Нахожу свободное место. Ехать очень долго. Так долго, что если подсчитать всё время, проводимое мною в метро, то хватит на отдельную жизнь. Устраиваюсь удобней и, как обычно, закры­ваю глаза.

…жёлтое одуванчиковое поле. Лето. Так солнечно, будто само солнце вылилось из небесной чаши на землю. Я парю. Если бы шёл, давил бы одуванчики. Лёгкий ветерок нежно обнимает разогретым воздухом. Спокойствие и умиротворение. Вижу вдалеке дом. Чем ближе я к нему, тем больше он похож на старый дачный домик. Дверь открыта. В проёме виден силуэт. Силюсь понять, кто это, но не могу. Силуэт размывается, как видео на ста­рой кассете. Я очень близко. Ещё чуть-чуть…

Толчок.

— «Станция «Площадь Свободы».

Открываю глаза, через одну остановку мне выходить. Нуж­ная мне станция располагается не в лучшем районе города, прак­тически в промзоне, полуразваленной, одичавшей, как и мест­ные собаки. Но за свои годы я видел многое, гораздо хуже этого.

Я успел поучаствовать в нескольких локальных войнах, получить два ранения и одну контузию.

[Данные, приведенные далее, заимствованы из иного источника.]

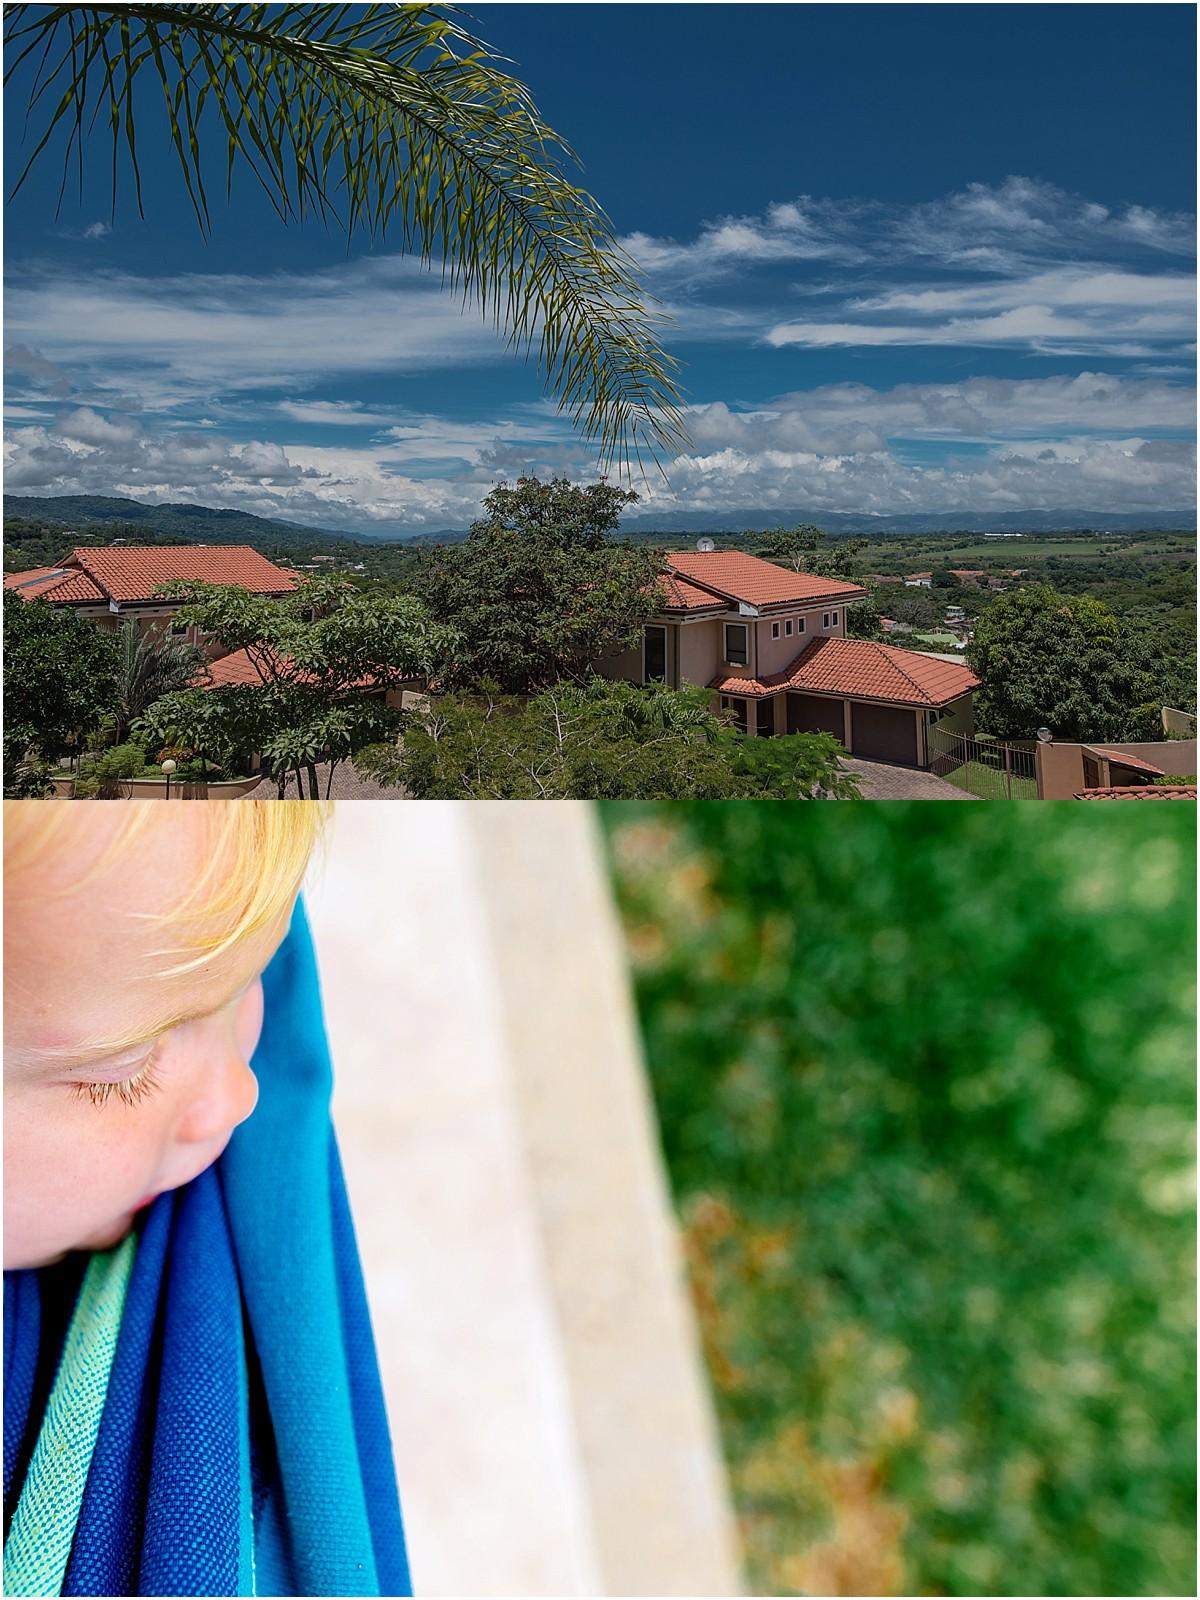 Ashley_Rogers_Photography_South_Florida_Photographer_Orlando_Photographer_Costa_Rica_Photographer_1190.jpg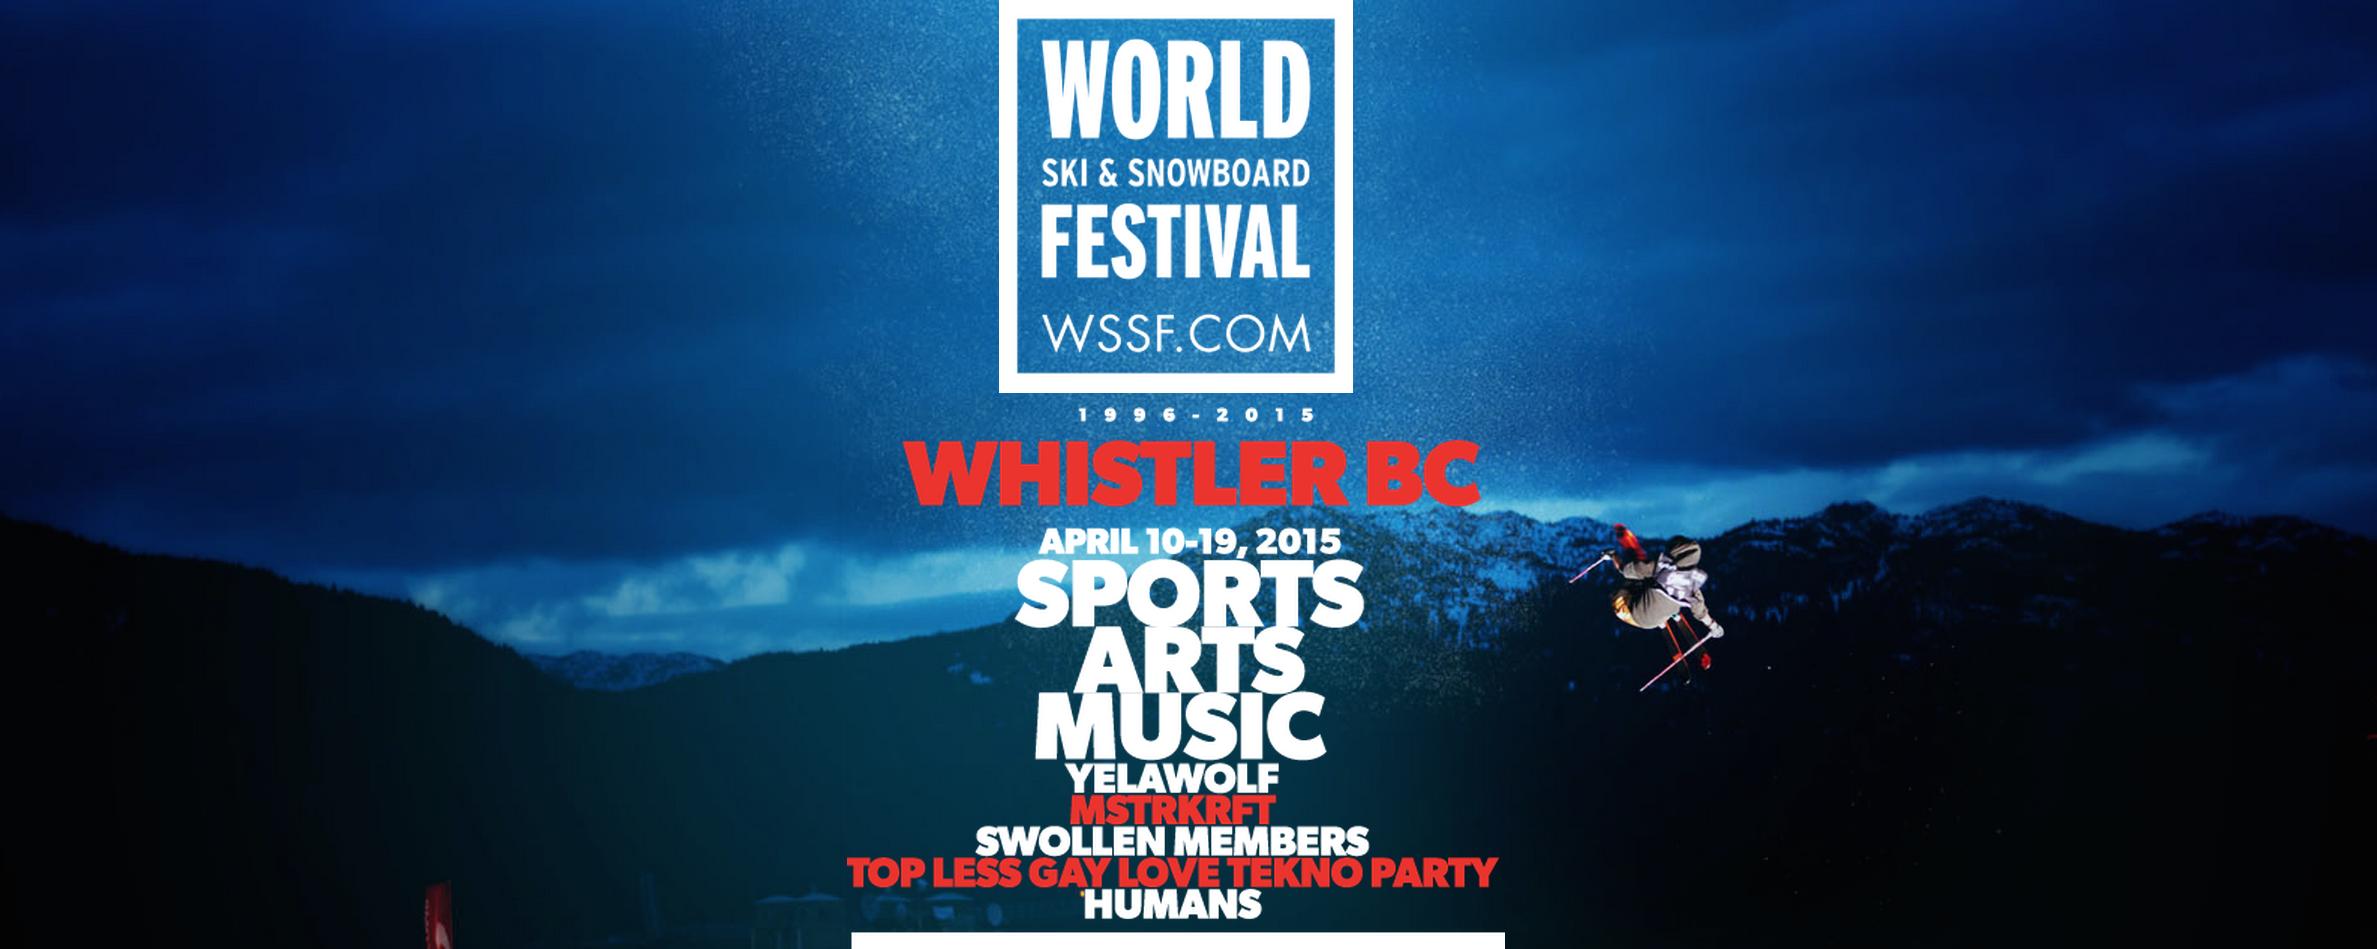 WSSF World Ski and Snowboard Festival

Мне 33 года. Возраст Христа. Хотя я и не очень верующий, но сочетание цифр не запрещает мне проводить аналогии. Вот Лиза, наверняка, даже пошутила бы:

— Попробуй превратить воду в вино, и мы с тобой постоянно будем молодыми и пьяными.

Лиза. Если бы ты знала, чем я сейчас занимаюсь, шутила бы так? Разговаривала бы вообще со мной?

— Привезли ещё трёх, — протрещал голос в нательной рации.

— Чёрт, в день нельзя больше пятнадцати человек, для кого регламенты пишутся? — недовольно ответил я.

— У нас изменения в уставных документах, увеличен лимит до двадцати трёх. Спрос в наше время очень большой, начинаем.

— «Осторожно, двери закрываются, следующая…»

Очередной день, опять в метро. Если соединить все дни в один, то получится детская головоломка «найди пять отличий между картинками». Одно, может, два мелких ты найдёшь легко, остальные не найдутся вовсе: здесь их не существует в принципе. Закрываю глаза.

…жёлтое одуванчиковое поле. Ощущения такие же: лёг­кость, спокойствие, только небо подёрнуто серой дымкой. От­ того и солнце не такое яркое. Я, по-прежнему, парю над полем. Впереди знакомый домик, он очень похож на рисунок с рекламы какой-нибудь строительной компании: крыша-треугольник, под ним окно, справа дверь. Силуэт похож на женщину, угадывается платье. Протягиваю руку.

Толчок.

— «Станция «Площадь Свободы»

Их всегда привозят в серых колпаках на лицах. Они не должны видеть моё лицо, а я их. Всё честно. Смотреть смерти в лицо, когда ты сам её позвал, страшно. Клиенты платят не за страх, а за свободу. Единственное — способ освобождения выбира­ет фирма-исполнитель, это одно из условий контракта. Наша фир­ма, как и многие, выбрала выстрел в голову. Для стопроцентно­го эффекта использовались только разрывные пули. Какая уж тут красота финала, мы берём исключительно гарантией на работу.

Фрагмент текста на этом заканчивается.